How to complete this task :: Print out the data below in full and exactly, skipping the pictures.
-- Dataset content follows --
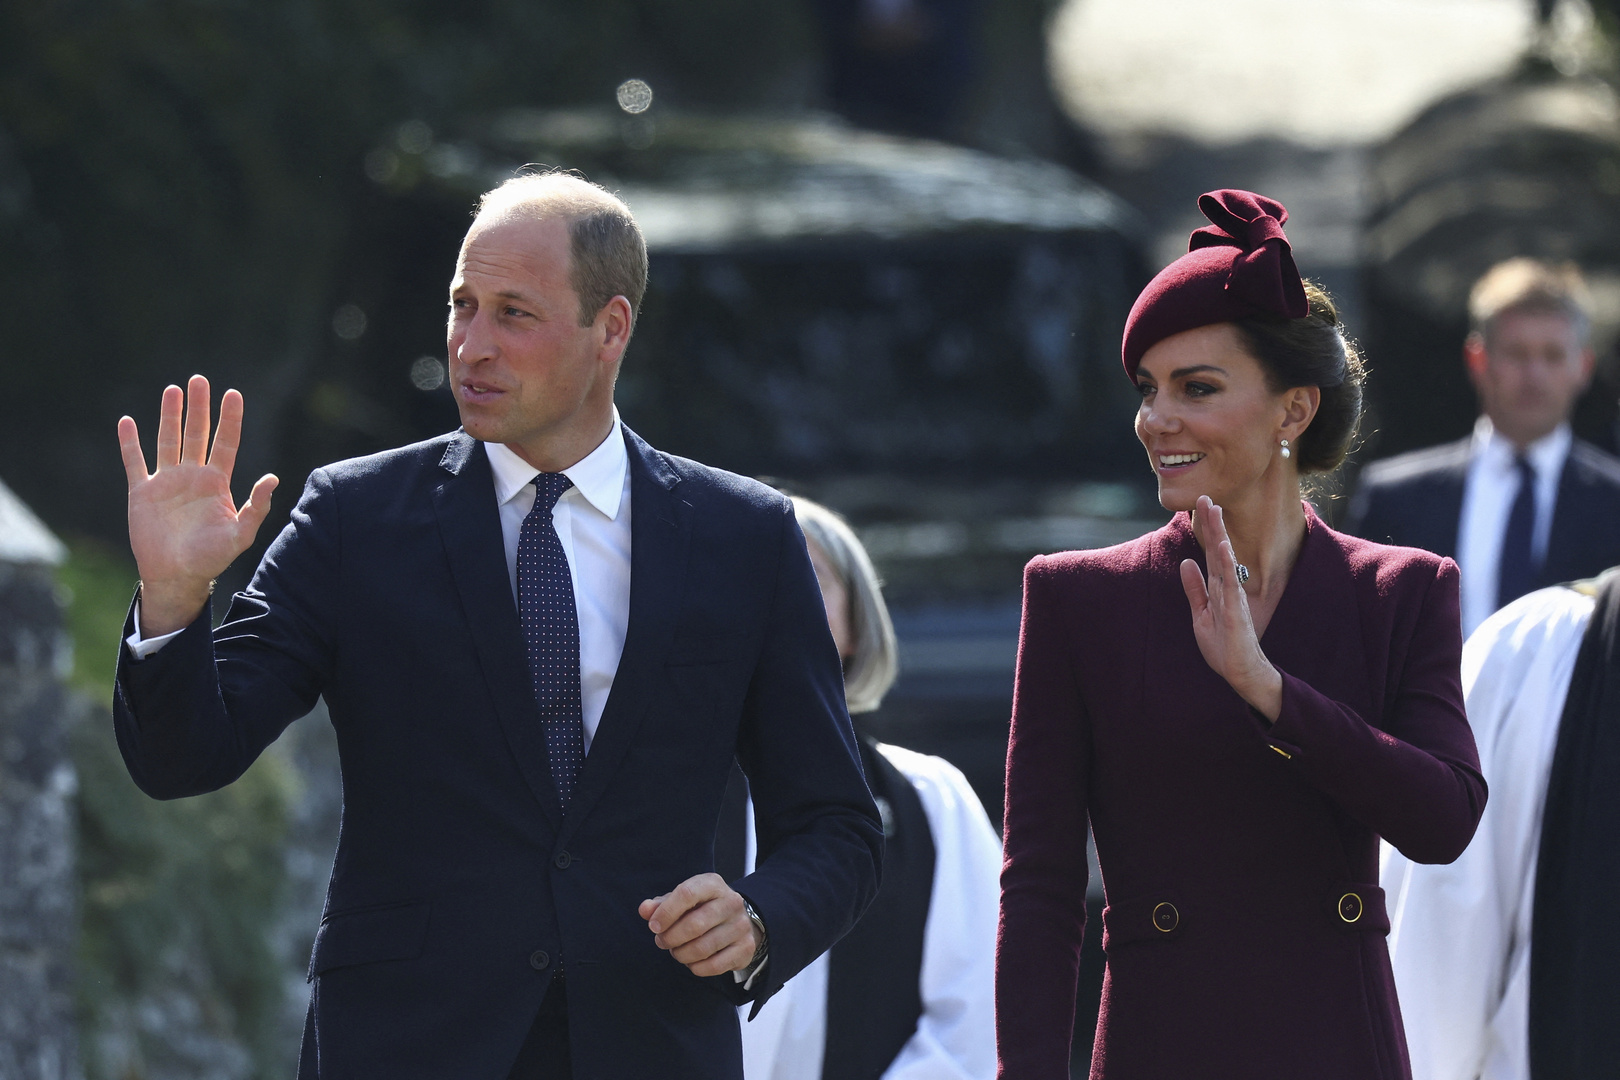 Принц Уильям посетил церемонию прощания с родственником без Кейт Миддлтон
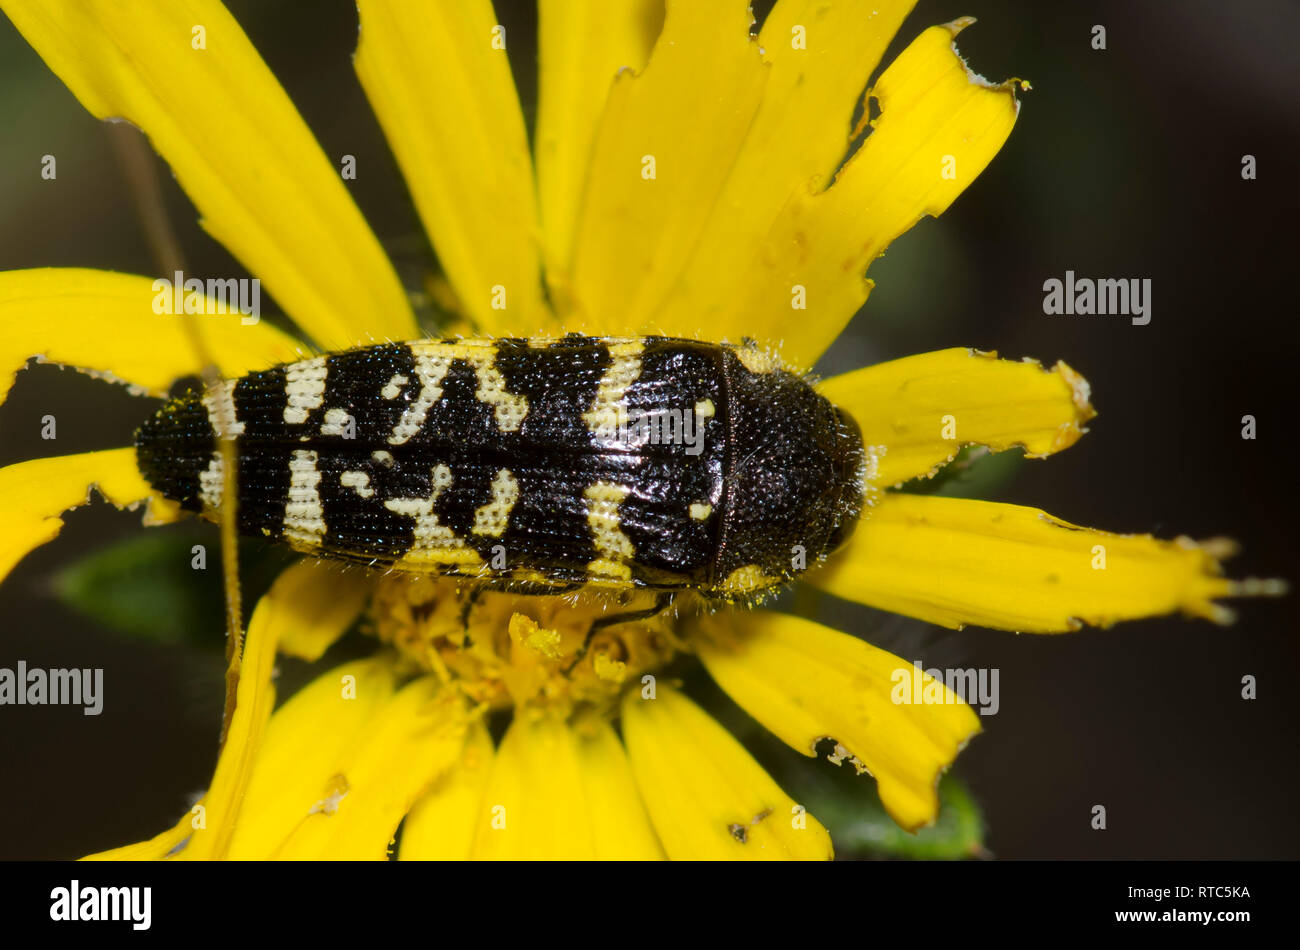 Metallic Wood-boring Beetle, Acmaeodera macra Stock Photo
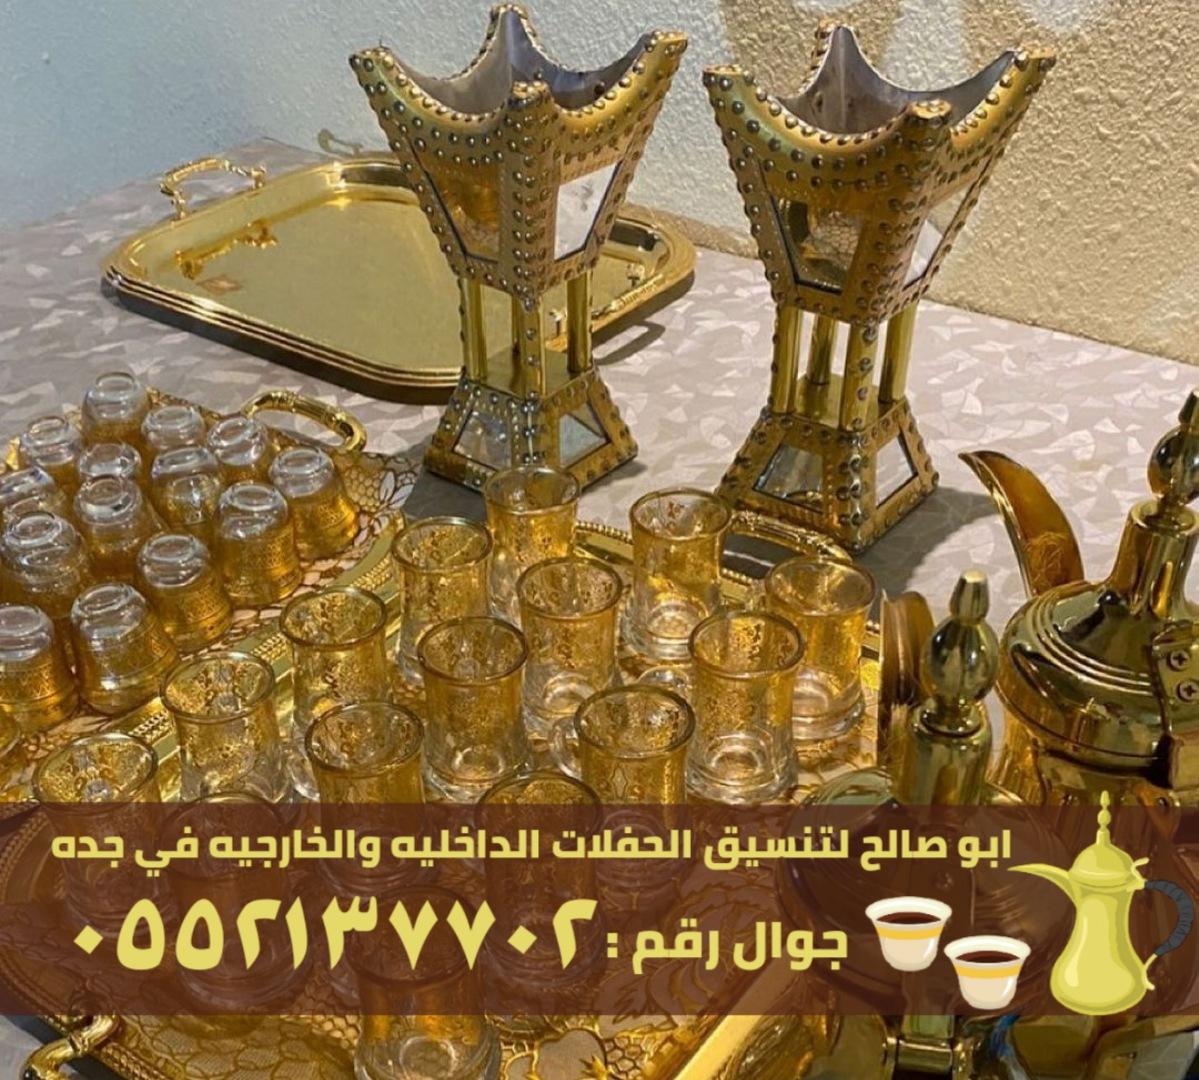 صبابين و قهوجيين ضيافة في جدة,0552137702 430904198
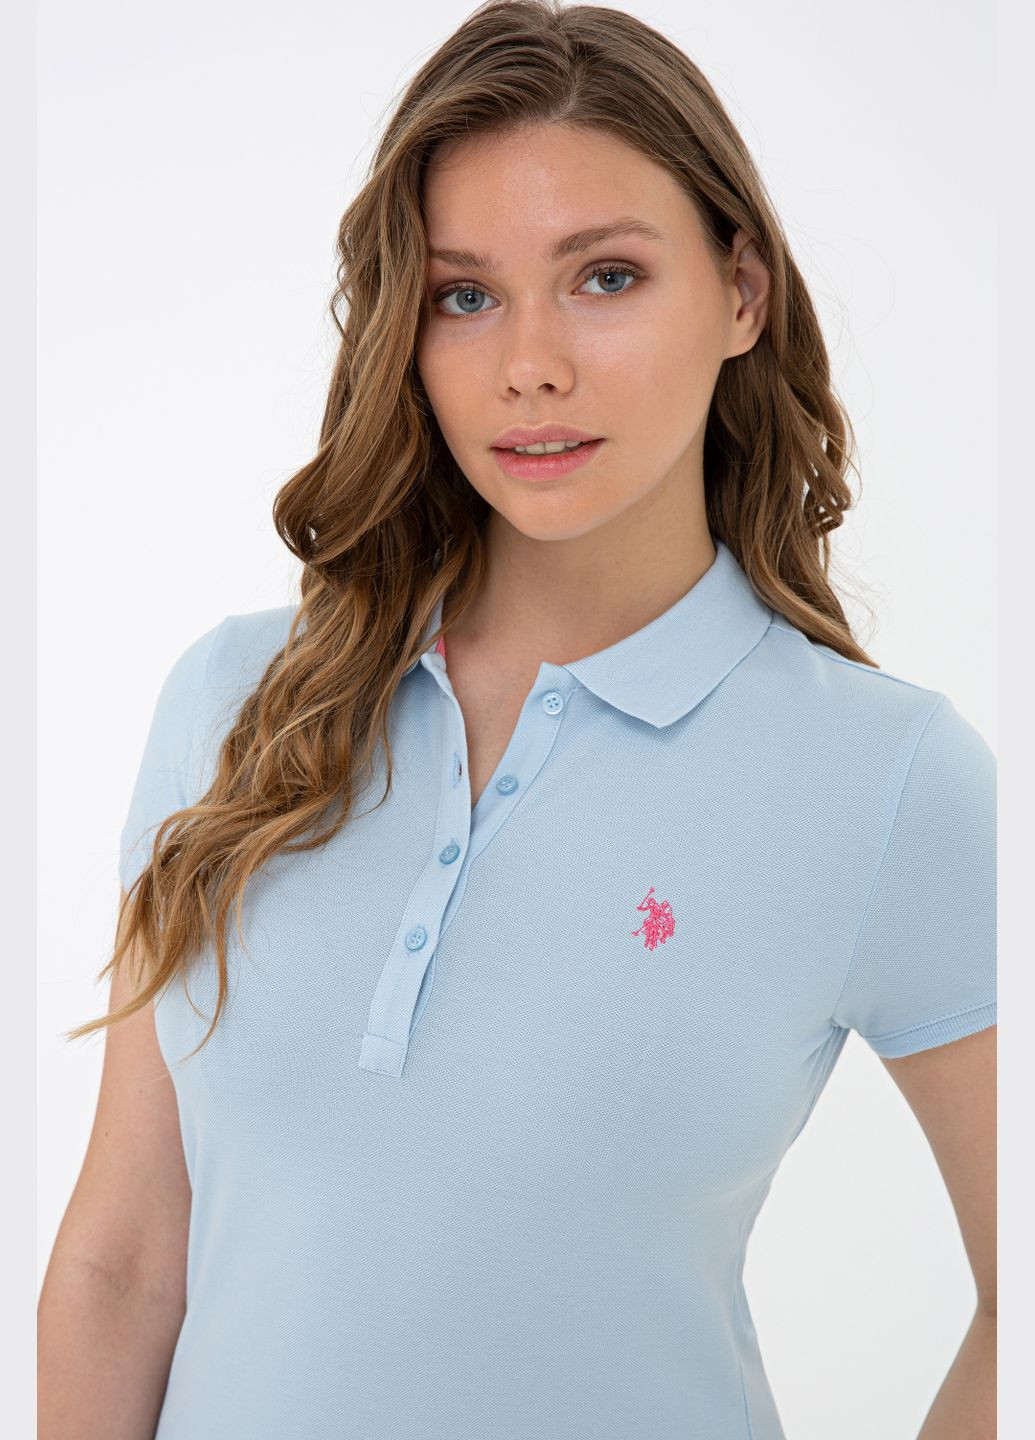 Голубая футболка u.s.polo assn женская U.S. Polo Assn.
-- Dataset content concluded --
Task response ::
 Принц Уильям посетил церемонию прощания с родственником без Кейт Миддлтон
 Metallic Wood-boring Beetle, Acmaeodera macra Stock Photo
 صبابين و قهوجيين ضيافة في جدة,0552137702 430904198
 Голубая футболка u.s.polo assn женская U.S. Polo Assn.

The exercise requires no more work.